Recipe: Dataset drift detection
Monitor feature and label distributions in production to catch silent model degradation before it impacts users.
Overview
Dataset drift occurs when the statistical properties of incoming data diverge from the training distribution. Meridian compares live inference payloads against a stored baseline using the two-sample Kolmogorov-Smirnov test and Jensen-Shannon divergence, surfacing per-feature drift scores in real time.
Prerequisites
- Meridian SDK v2.1+ instrumented in your inference pipeline
- A baseline dataset exported from your training or validation split
- At least 200 inference requests logged to establish a comparison window
Steps
- Upload baseline
Navigate to Datasets → Baselines and upload a CSV or Parquet file containing the features and labels your model expects.
- Enable drift monitoring
Toggle drift detection on the model's configuration page.

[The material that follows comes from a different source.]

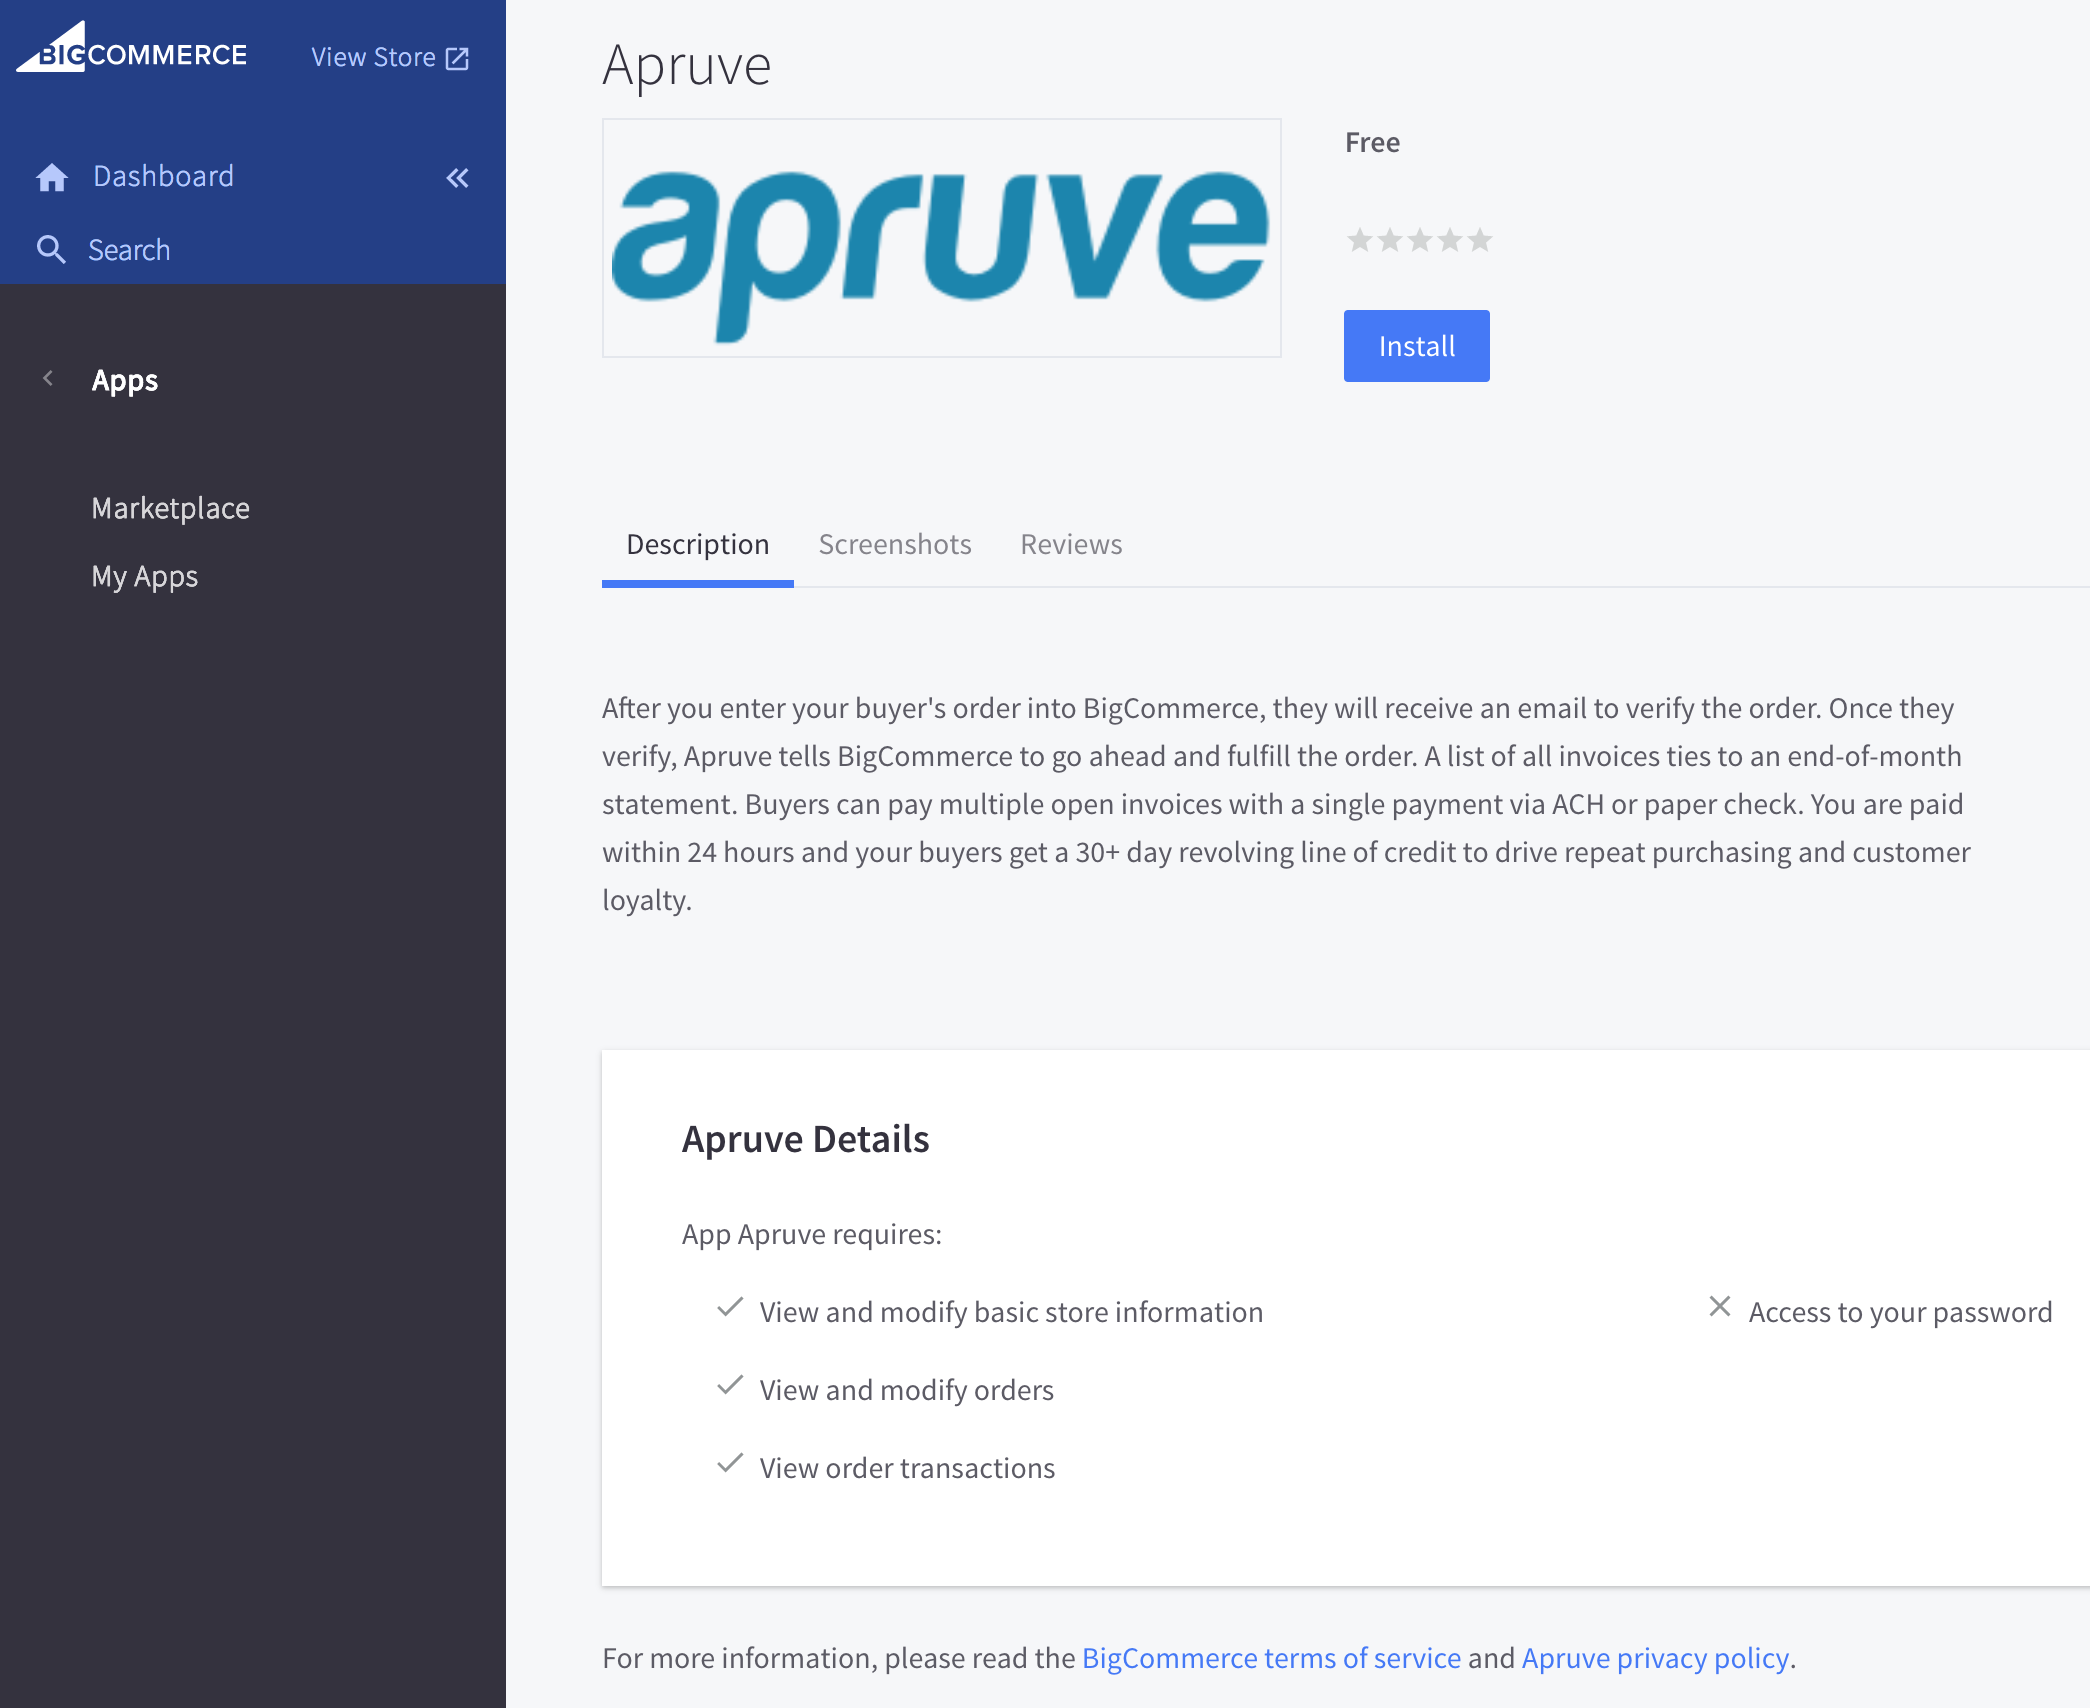 Installing Apruve

Select the baseline and set a drift threshold (default: 0.15 JS distance).
- Inspect drift reports
Open Monitoring → Drift to view per-feature scores, historical trends, and automated alerts when thresholds are breached.
Interpreting results
A JS divergence above 0.15 indicates meaningful distribution shift. Pair this with prediction accuracy metrics to distinguish benign drift (seasonal patterns) from harmful drift (data pipeline bugs, upstream schema changes).